When you touch my head I don’t explode, I told her.

“Mr. Maccabee,” said Brodsky.

I said, I’m in love with you, and I have to show you something.

“Gurion,” said Miss Pinge.

June said, “You should go. You can show me what you want to show me later, in detention. You’ve got detention today, right?”

I said, I always have detention.

“Good,” she said. Then she chinned the air at the wingnuts in her hand. She said, “Thank you for these. And I’m sorry I said ‘Frontier Motel’ before. I was in a bad mood and I thought you’d be mean. You have a reputation.”

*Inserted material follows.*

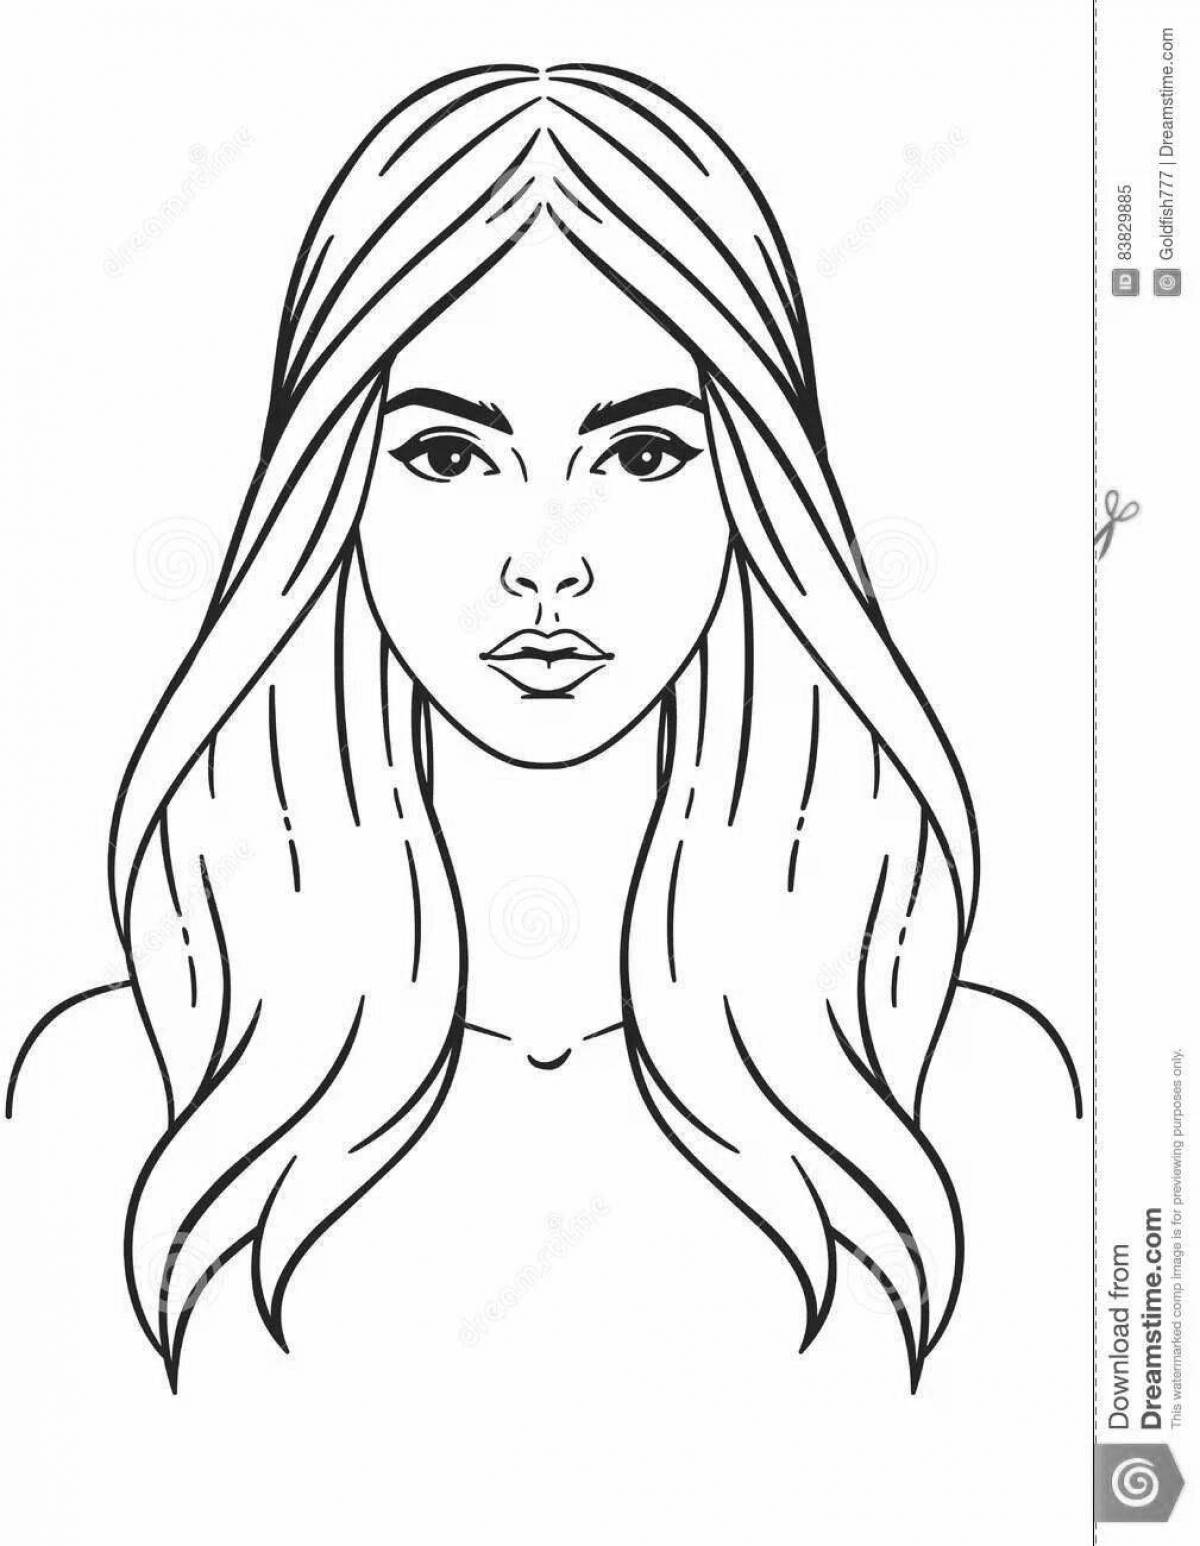 Adorable woman face coloring book for kids
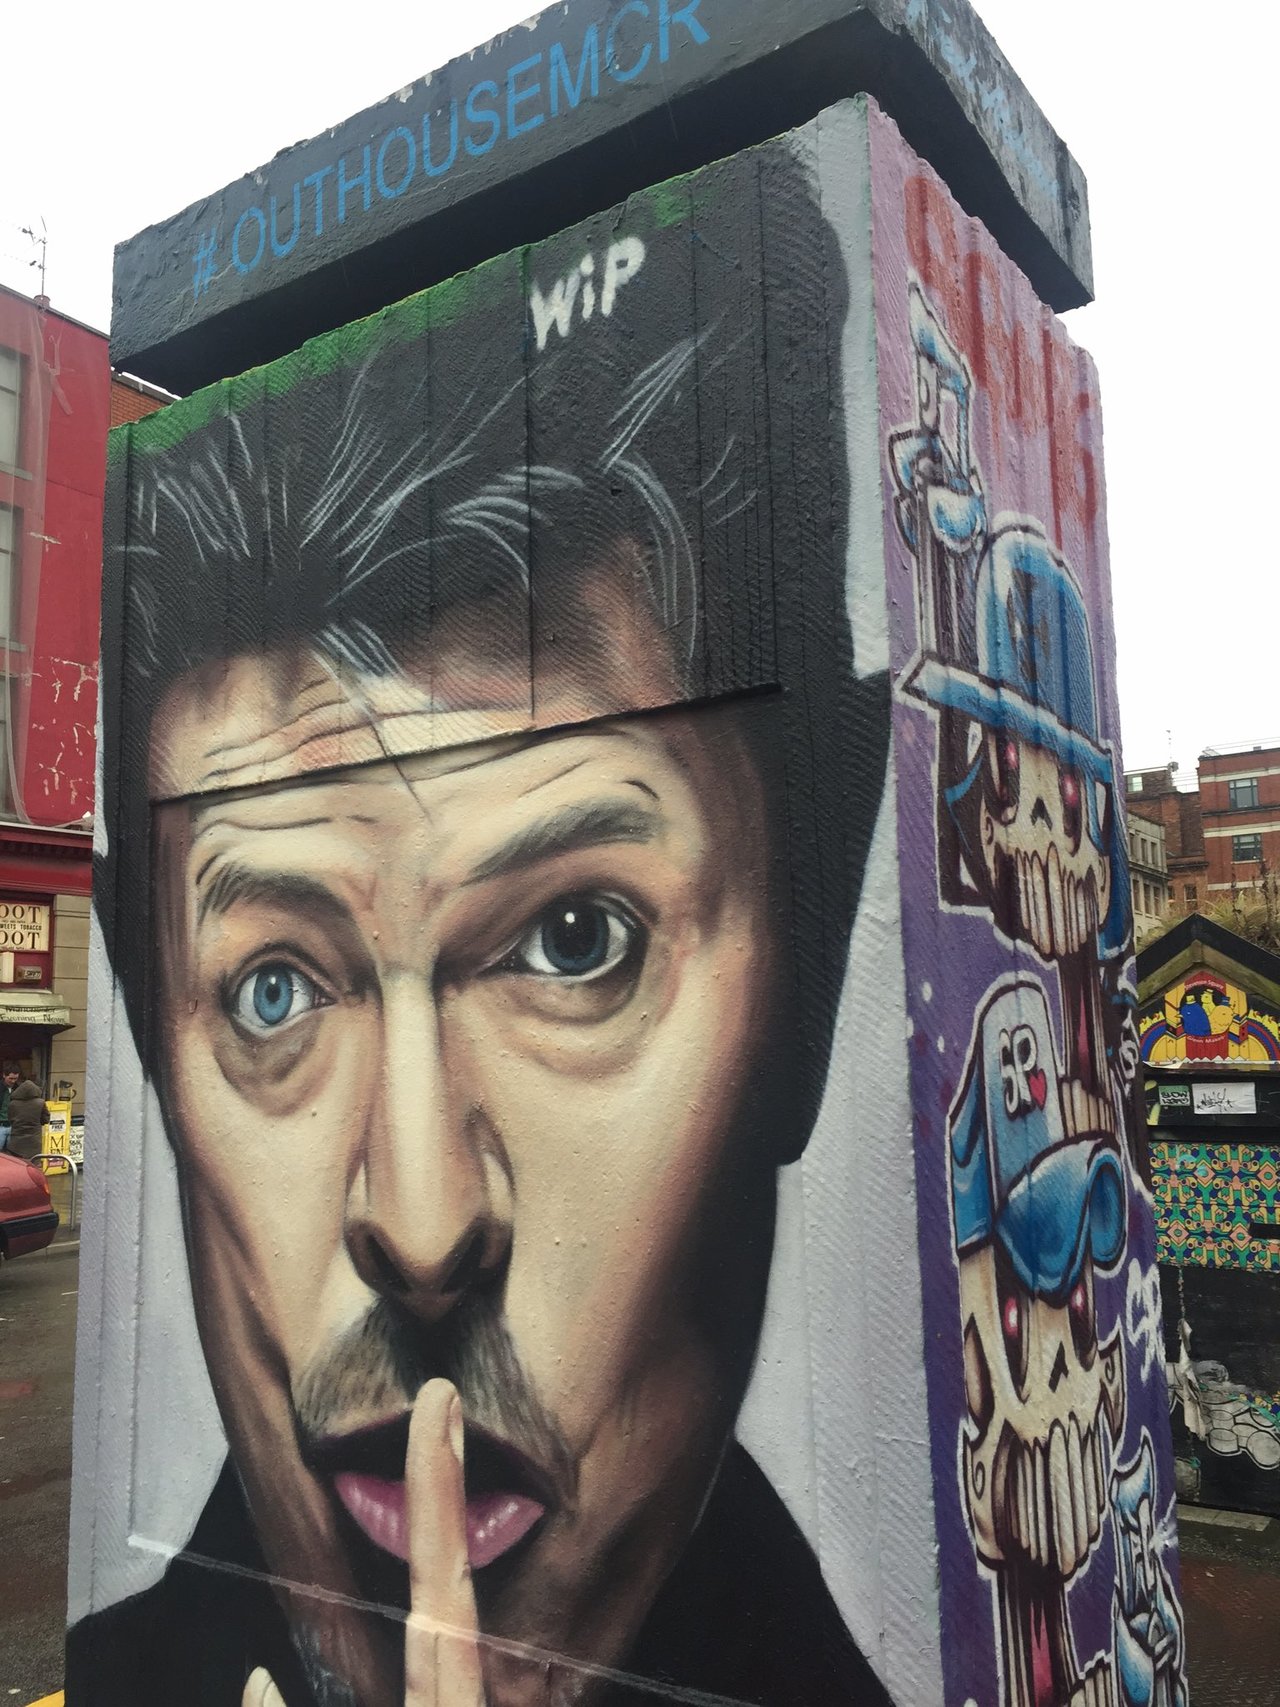 WiP David Bowie mural in Stevenson Square, Manchester created by #akse #streetart #graffiti https://t.co/Xsubnig9L7

June slid the wingnuts into a pocket and jingled while she walked her June Watermark walk — more than a stroll, but shy of a swagger; just a little bit swaybacked — out into Main Hall, too far away from me.

Brodsky said my name again. I looked in his office. He was pointing his pointer at the chair before his desk. “Gurion,” he said. Then he blinkered with the finger. “Gurion ben-Judah Maccabee,” he said.

I am, I said, that I am.

2 GUNS AND INQUISITIONS

Tuesday, November 14, 2006

3rd Period

ULPAN

Lay your cardboard planks down. Lay them down on the lawn. Lay them down so the short side is facing me. Lay them down so that I am facing two rows of you. It does not matter if you are in the front or the back row. From up here, I can see all of you. From down there, you can all see me. Lay the planks on the lawn so that a foot of grass-space separates you from those on all your four sides.